In prior years, we dutifully put our sewer hose out after dark and before we started our showers. We’d drain the tanks and leave the valves open over night. Before first light, not sunrise, one of us would scamper out in the freezing temperatures to close the knife valves, rinse the line, and stash the ridged hose in the back of the truck in a plastic bag. Once we missed and, sure enough, we had to pitch the leaky hose.
For 2020, particularly since we were pooping into our trailer toilet rather than using the public facilities for coronavirus avoidance, we experimented with armoring our sewer hose so we could leave it hooked up 24/7 like we do everywhere else. We’d hoped to buy a 6” diameter metal vent pipe to shroud our hose but only one, 8” diameter, 8’ long accordion folded, light aluminum dryer vent was available for $15 that day at the Flagstaff Home Depot. A bit bulkier to store during the upcoming week in Flagstaff than we wanted, but it had an added benefit of creating a gap between it and our hose when on the ground. That gap might save the day if the ravens breached the thin metal barrier.
“No, no, not me….just looking.”
Aside from the sometimes-expensive sewer line game we must play with ravens, we enjoy them. They are very smart, clever, and resourceful and we are comforted by their presence anywhere we go, even when they carefully monitor us eating our lunch. They can live 40 years or more and mate for life; we are always on the look-out for pairs.
On one of our bike rides from our trailer to the end of the road at Hermit’s Rest, we had the pleasure of watching a pair play like we’d never seen before. They were frolicking in the updraft on the canyon rim and one would approach the other from afar and do spirals or back flips up close to the other. It looked like great sport and we felt privileged to witness their exuberant acrobatics. It wasn’t mating season but such ‘joy flights’ and ‘date nights’ are common anytime of year for pairs. We also saw “juvenile gangs,” large flocks of 2-4 year olds that hadn’t yet hit the dating scene.

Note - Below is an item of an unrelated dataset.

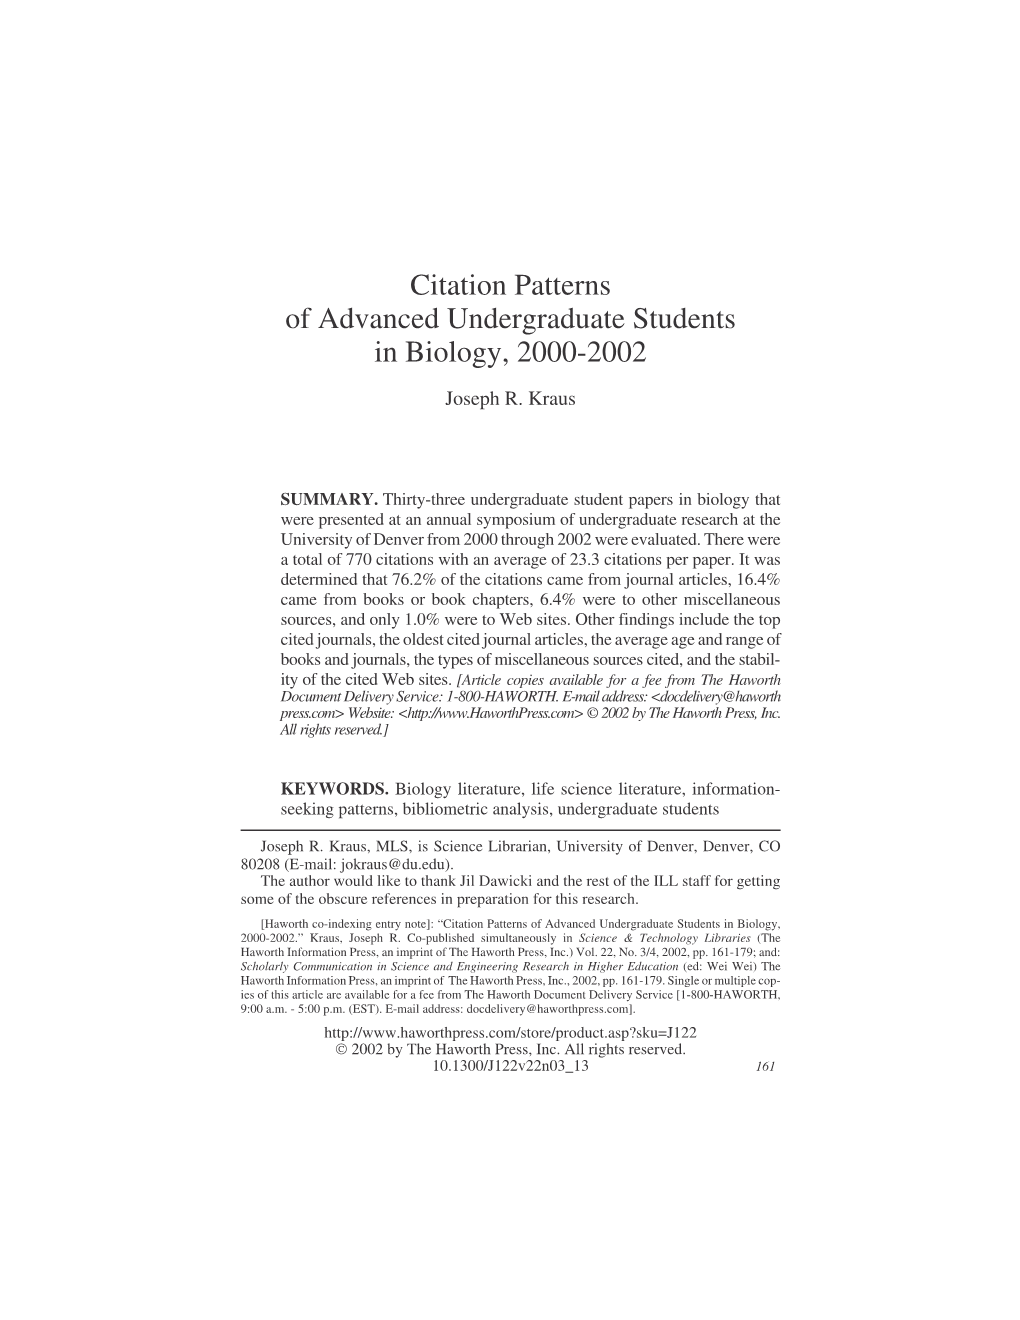 Citation Patterns of Advanced Undergraduate Students in Biology, 2000-2002

In the Colorado National Monument at Fruita this summer, we had marveled at the turkey vultures while we more reliably learned to spot them and now we’d upped our game with ravens. Long ago we’d learned to differentiate crows from ravens but the acrobatics of the ravens took our enjoyment of them to a whole new level. I briefly contemplated if this qualified us a birdwatchers but decided that we weren’t there yet.
Closing a Chapter
The first half of our annual, 6 week Flagstaff-Grand Canyon event ended in triumph for Bill and with a whimper for me. Bill made a blazing-fast loop down to Phantom Ranch, which approximates the difficulty of hiking 1 direction between the Rims, on a 100° day at the Ranch. A personal best for sure!
Bill had regained a chunk of the endurance fitness that we had lost over the summer. I was satisfied with making a slower, flatter, 10 mile walk along the rim that same day, the day after my diagnosis of a torn disc—more about that later. Like my yoga teacher always said: “We are all working at the same place, at our edge” but our edges were miles apart, literally and figuratively.
Self-service area at Trailer Village.
We would return to the Flagstaff KOA for a week to comply with time limits in Trailer Village and we’d make our way back to the Grand Canyon. The next 2-week stay in the Park would have a decidedly different texture. The N Rim services would have begun their wave of seasonal closures, which prevent us from even thinking about walking to there. The temperatures were forecast to plummet, with the overnight lows dropping from the 40’s and 50’s into the teens or single digits. The overarching change during our second stay would however be in the ‘outside’ world, the November 3rd elections. We and so many others would nervously await the results that would dramatically color our world for years to come.